The disconnect between academia and health ministries is often a limiting factor in the uptake of new methods, yet disconnects between academic fields and within government can also present obstacles. Valuable research and investments in precise diagnostics, vaccination tracking and surveillance systems can be undermined by a lack of similar efforts in measuring and mapping populations to provide the important context of denominators at small spatial scales – are the 100 cases of disease ‘X’ identified coming from a population of 1000 or 10,000? The phenomenon of vaccination coverage rates of greater than 100% is common through the use of outdated census counts as denominators [12, 13], while national disease surveys struggle to be representative if reliant on sample frames that are many years old in countries with rapidly changing populations [14].

Conclusions

The lags in government adoption of scientific innovations in spatial epidemiology as well as disconnects between academia and disease control programmes are being tackled, with many positive examples that point towards recipes for bridging gaps. Links between ministries of health and local universities are being strengthened, training in Geographical Information Systems is becoming more widespread together with the adoption of open-source or tailored systems and dashboards [15], and organisations and funding programmes are focussing on feeding innovations into health systems and national statistics offices, sometimes requiring that modellers be embedded in ministries of health. Further, major funders and implementing partners are increasingly building explicitly applied public health goals into funding proposals; these require ministries of health to be involved and success is judged on uptake and implementation of new methods (e.g. [16]). The problems of inaccurate or missing denominators are being addressed through the integration of survey, satellite and mobile phone data, feeding into dashboards and tracking systems used by ministries of health [17]. While these efforts are gaining traction, they are not quite yet the norm, with academics often still rewarded more for quick-win publications in top journals than for the slower and more political process of engagement in the development of new insights and methods with national programmes to ensure sustained adoption and impact. On the implementation side, workloads and financial constraints often leave no time for learning about new findings and approaches.
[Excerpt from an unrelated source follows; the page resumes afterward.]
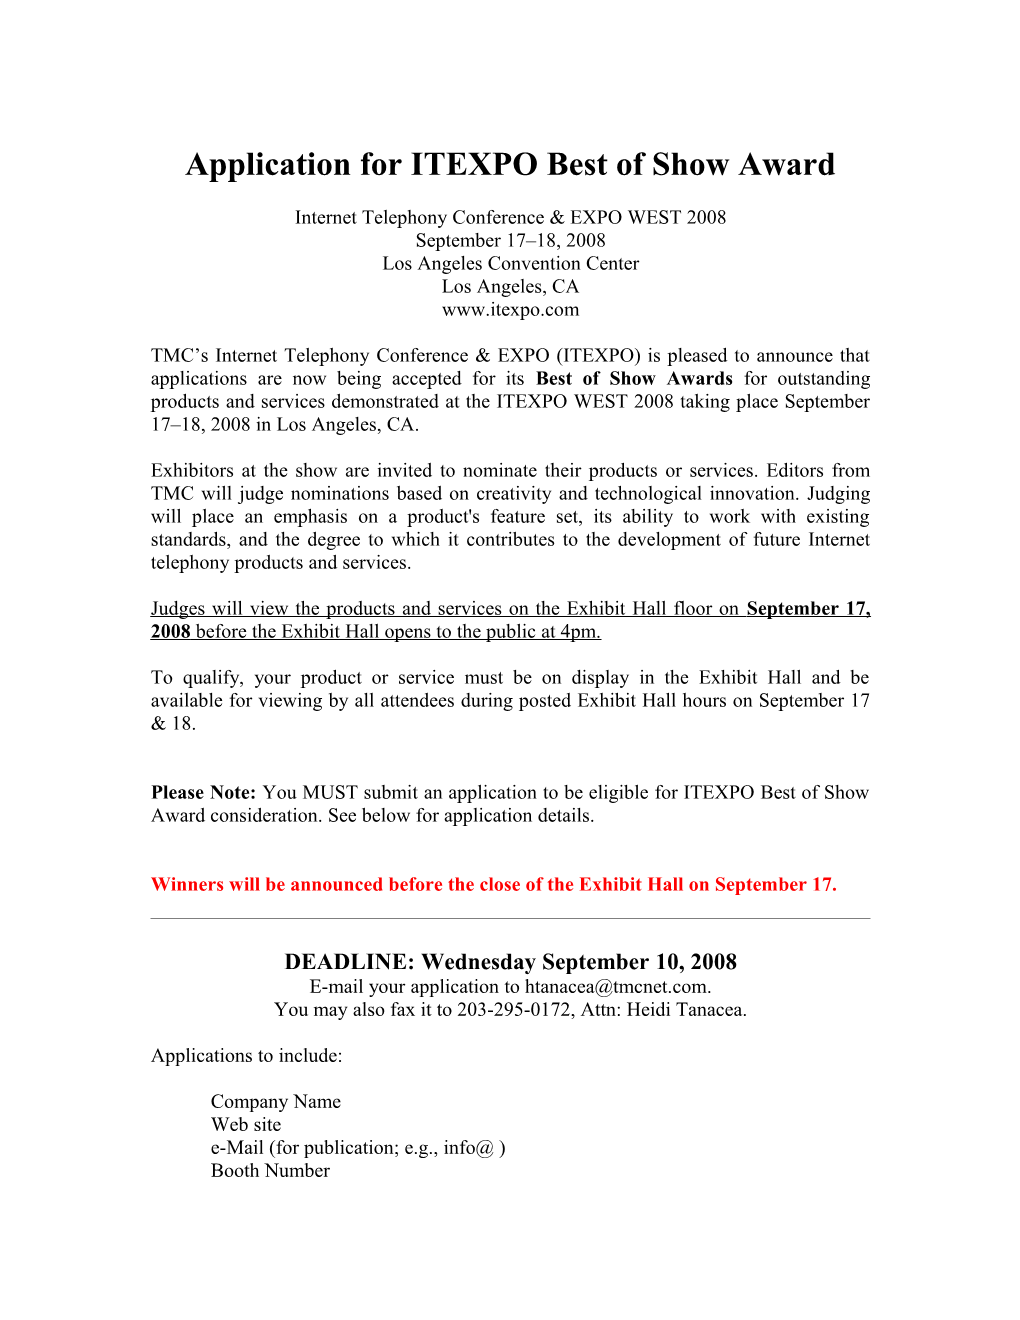 Application for Best of Show Award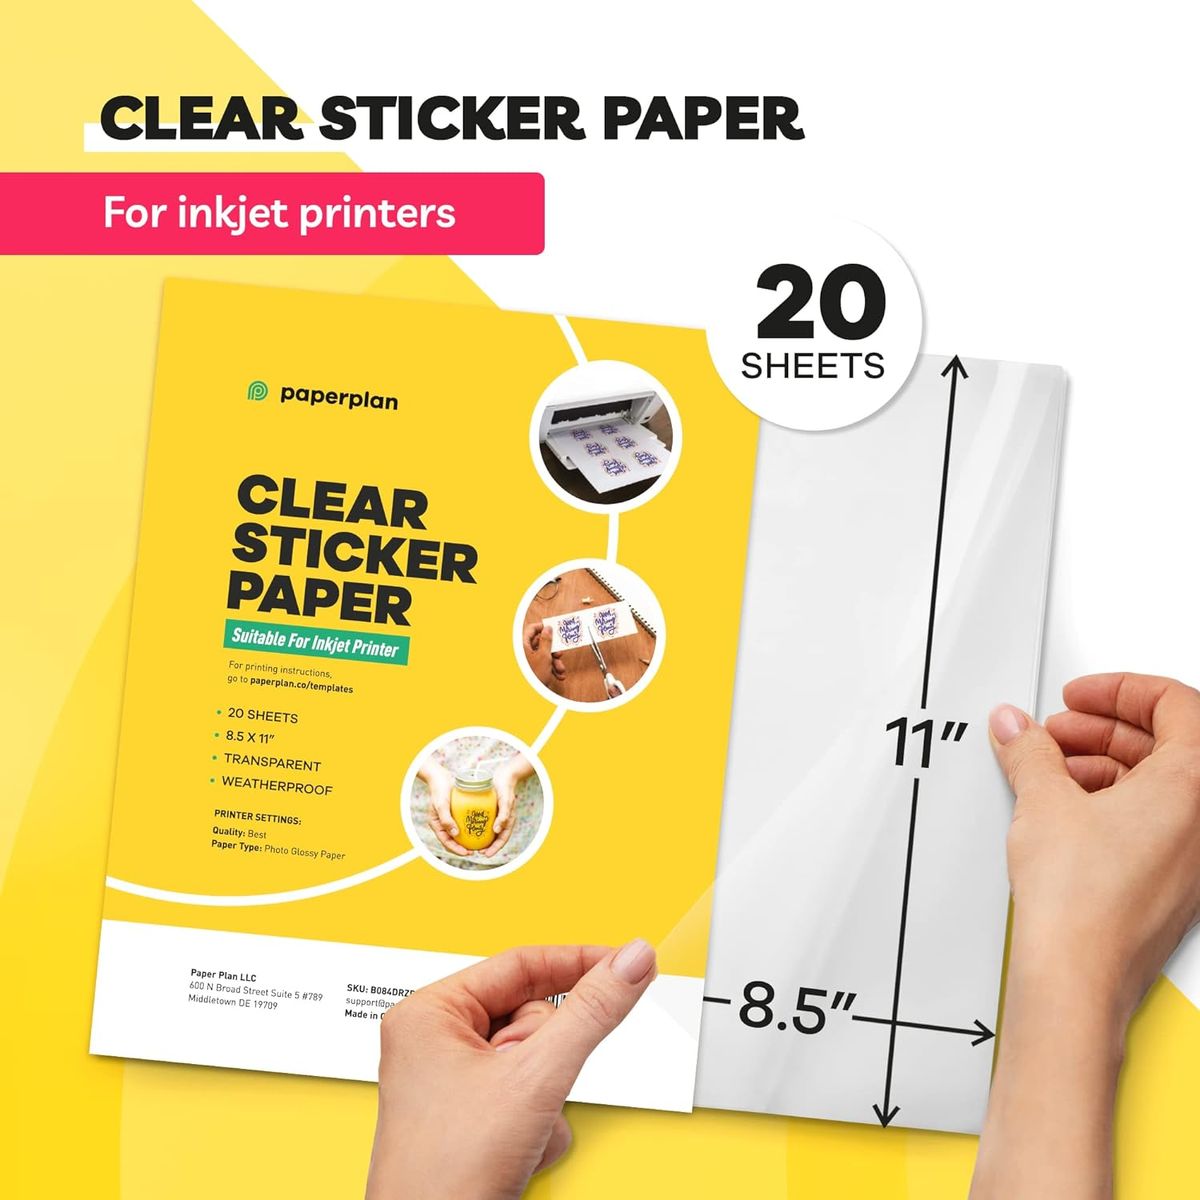 90% Clear Sticker Paper for Inkjet Printer (20 Sheets) - Transparent Glossy  8.5 x 11 - Printable Vinyl - Clear Sticker Paper - Clear Vinyl Sticker

These are exciting times for spatial epidemiology research, as the integration of multiple types of spatially referenced data within powerful new methods pushes us to new frontiers of spatial and temporal precision with great potential for impact. However, unless these are built considering the needs, limitations and capacity of those tasked with designing strategies and acting upon them, and unless appropriate incentives exist to facilitate this, the danger is that such work remains as pretty maps in scientific journals, circulating only in academic bubbles.